Consumption of wine was inversely associated with the risk of common cold

Monday, April 8th, 2019

Does drinking alcohol protect against the common cold?

To examine whether intakes of wine, beer, spirits, and total alcohol are associated with the risk of common cold, in 1998–1999 the authors analyzed data from a cohort study carried out in a population of 4,272 faculty and staff of five Spanish universities.

Usual alcohol intake was assessed at baseline by means of a standardized frequency questionnaire that was validated in a random sample of the population. The authors detected 1,353 cases of common cold.

Total alcohol intake and beer and spirits consumption were not related to the occurrence of common cold, whereas consumption of wine was inversely associated with the risk of common cold. When drinkers of >14 glasses of wine per week were compared with teetotalers, the relative risk was 0.6 (95% confidence interval: 0.4, 0.8) after adjustment for age, sex, and faculty/staff status. The association was stronger for red wine.

These results remained unaltered after adjustment for total alcohol intake and for other potential risk factors for common cold. Findings suggest that wine intake, especially red wine, may have a protective effect against common cold.
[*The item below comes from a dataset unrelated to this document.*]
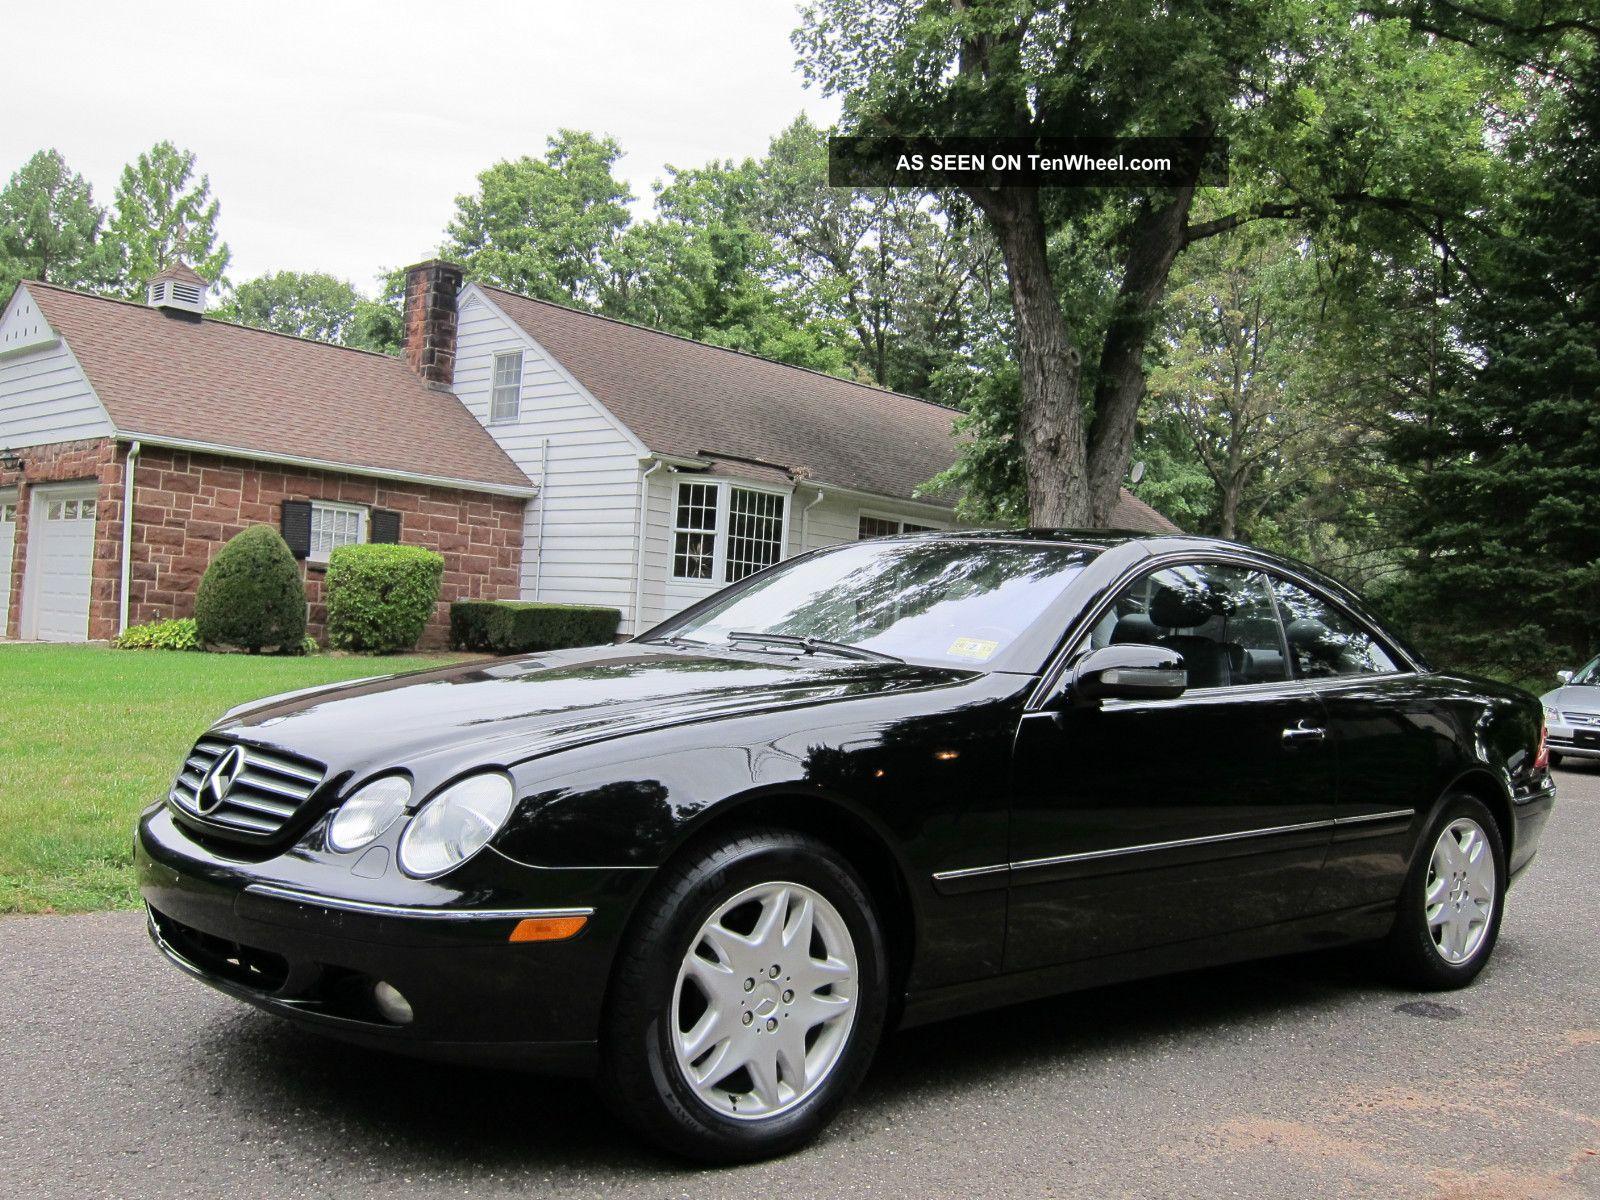 2001 Mercedes Benz Cl500 Mercedes Benz Cl500 2001 Prior

Beer, spirits, and total alcohol intakes do not seem to affect the incidence of common cold.

Comments

  1. Kirk says:

    OK, yet again we see statistical BS sifted out of survey BS.

    What they actually mean here is that survey respondents reported data that makes it seem as though there is a correlation between wine consumption and resistance/exposure to cold viruses. We don’t know for a fact that those self-reported wine drinkers actually drank any wine, any more than we know that they were exposed to similar contagion vectors for the colds in question.

    This is a really badly constructed study that actually tells you precisely jack and s**t about whether or not wine helps with your resistance. You would have to have carefully constructed your test participation pool, ensured that they all actually consumed like amounts of alcoholic beverages, and then were a.) in generally similar good immunological health, and b.) were exposed to the same precise vectors of the same rhinoviruses.

    None of that was done, so far as I can tell, so this is more statistical flummery thrown up as “news” by the academics, and then reported by the scientifically illiterate news media.

    Anything to be learned from this crap is lost in the noise coming from a poorly constructed test methodology, and sheer stupidity.

  2. Graham says:

    Yes, unless there is a LOT more than meets the eye, this seems like a particularly stupid example of the type.

    Meta analysis is one thing. Though Kirk identified some of the basic problems with it when presented as a primary scientific endeavour, there’s room for scholarship as well as science in the pure theoretical and experimental senses.

    But this sounds like garbage in, garbage out. I need some wine.

  3. Adar says:

    A glass of wine given to a patient who just has come out of anesthetic after a surgery for open heart procedure can sooth and calm marvelously so if the patient used to drinking wine on a regular basis.

  4. Sam J. says:

    Maybe the wine group are snobs and don’t go out much with the louts to get the flu in the first place.